#### TASK BRIEF:
Transcribe exactly the line that contains "Review of the Boathouse Phuket image" and every line after it to the end of the entries, and nothing more.
---------- RECORDS SUPPLIED ----------
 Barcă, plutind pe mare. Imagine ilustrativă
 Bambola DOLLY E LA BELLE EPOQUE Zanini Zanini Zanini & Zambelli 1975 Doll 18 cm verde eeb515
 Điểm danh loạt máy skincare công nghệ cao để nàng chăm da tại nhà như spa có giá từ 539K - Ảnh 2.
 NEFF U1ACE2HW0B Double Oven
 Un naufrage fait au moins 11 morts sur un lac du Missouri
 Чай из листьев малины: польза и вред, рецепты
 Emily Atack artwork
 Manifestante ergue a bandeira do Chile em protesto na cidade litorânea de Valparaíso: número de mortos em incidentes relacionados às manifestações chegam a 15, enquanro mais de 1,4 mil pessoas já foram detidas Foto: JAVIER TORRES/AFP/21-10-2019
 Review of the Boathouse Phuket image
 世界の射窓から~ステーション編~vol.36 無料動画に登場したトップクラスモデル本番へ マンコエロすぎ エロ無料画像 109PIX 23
----------
#### SOLVED EXERCISE:
 Review of the Boathouse Phuket image
 世界の射窓から~ステーション編~vol.36 無料動画に登場したトップクラスモデル本番へ マンコエロすぎ エロ無料画像 109PIX 23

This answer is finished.